--- START ---
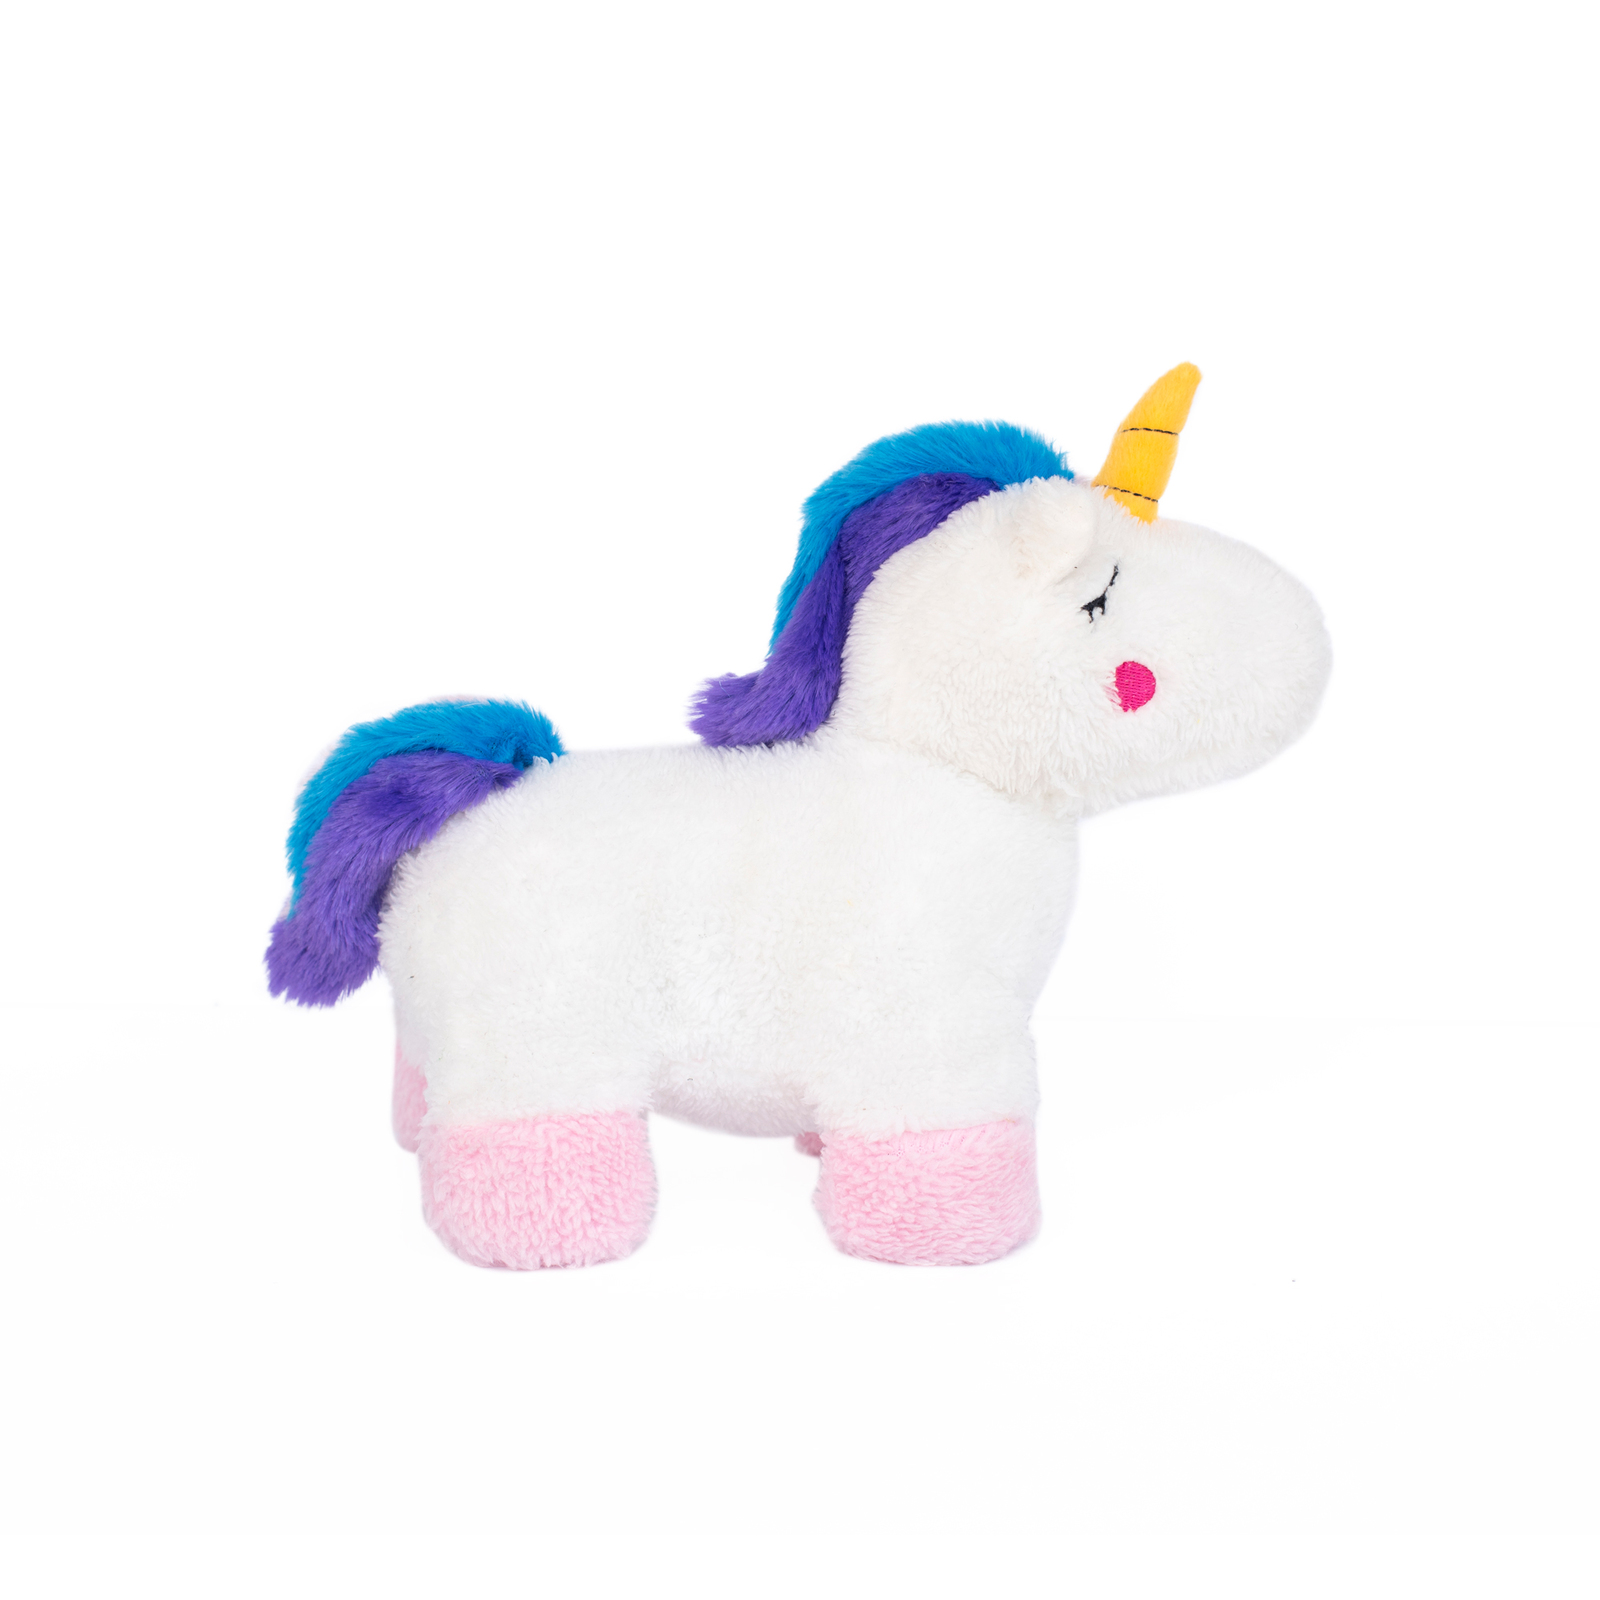 Zippy Paws Snugglerz Plush Squeaker Dog Toy - Charlotte the Unicorn image 0
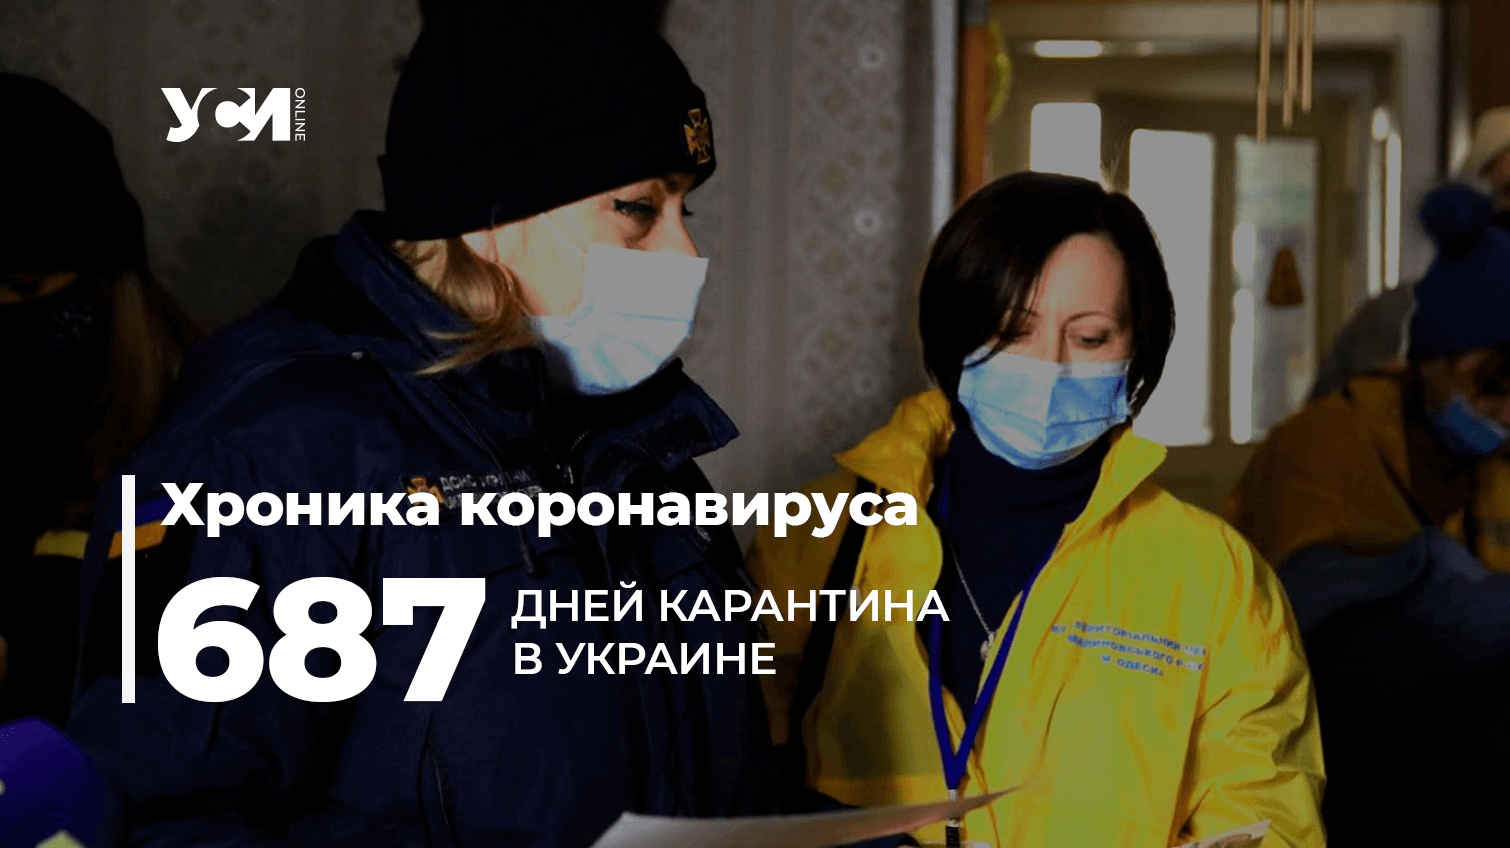 Пандемия: в Одесском регионе – 1 319 новых заболевших «фото»
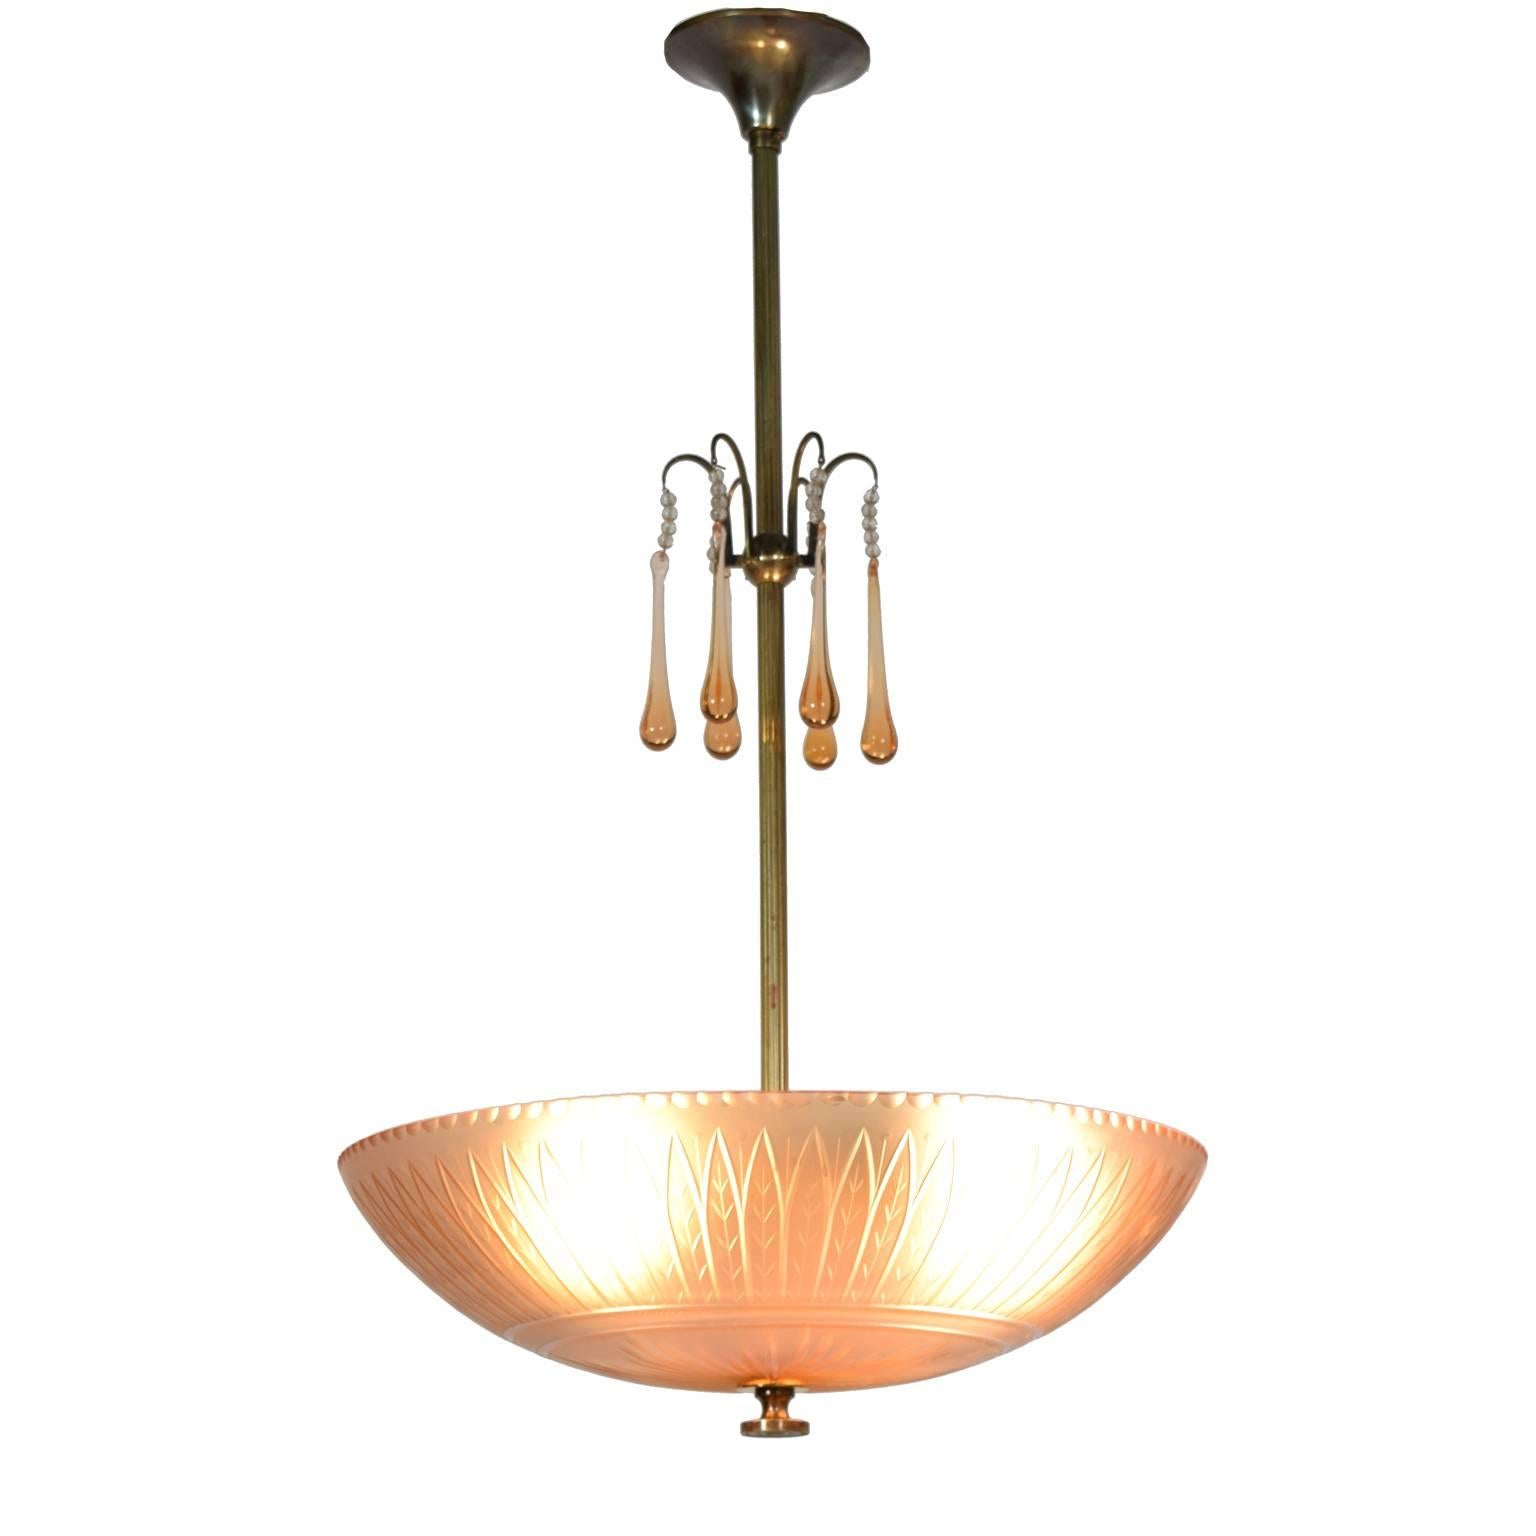 Scandinavian Modern Orrefors Ceiling Lamp by Simon Gate, 1930s
--- END ---
Prompt
Only the listing above, set down exactly and without pictures, belongs in the answer.

Task result
 Zippy Paws Snugglerz Plush Squeaker Dog Toy - Charlotte the Unicorn image 0
 Пандемия: в Одесском регионе – 1 319 новых заболевших «фото»
 Scandinavian Modern Orrefors Ceiling Lamp by Simon Gate, 1930s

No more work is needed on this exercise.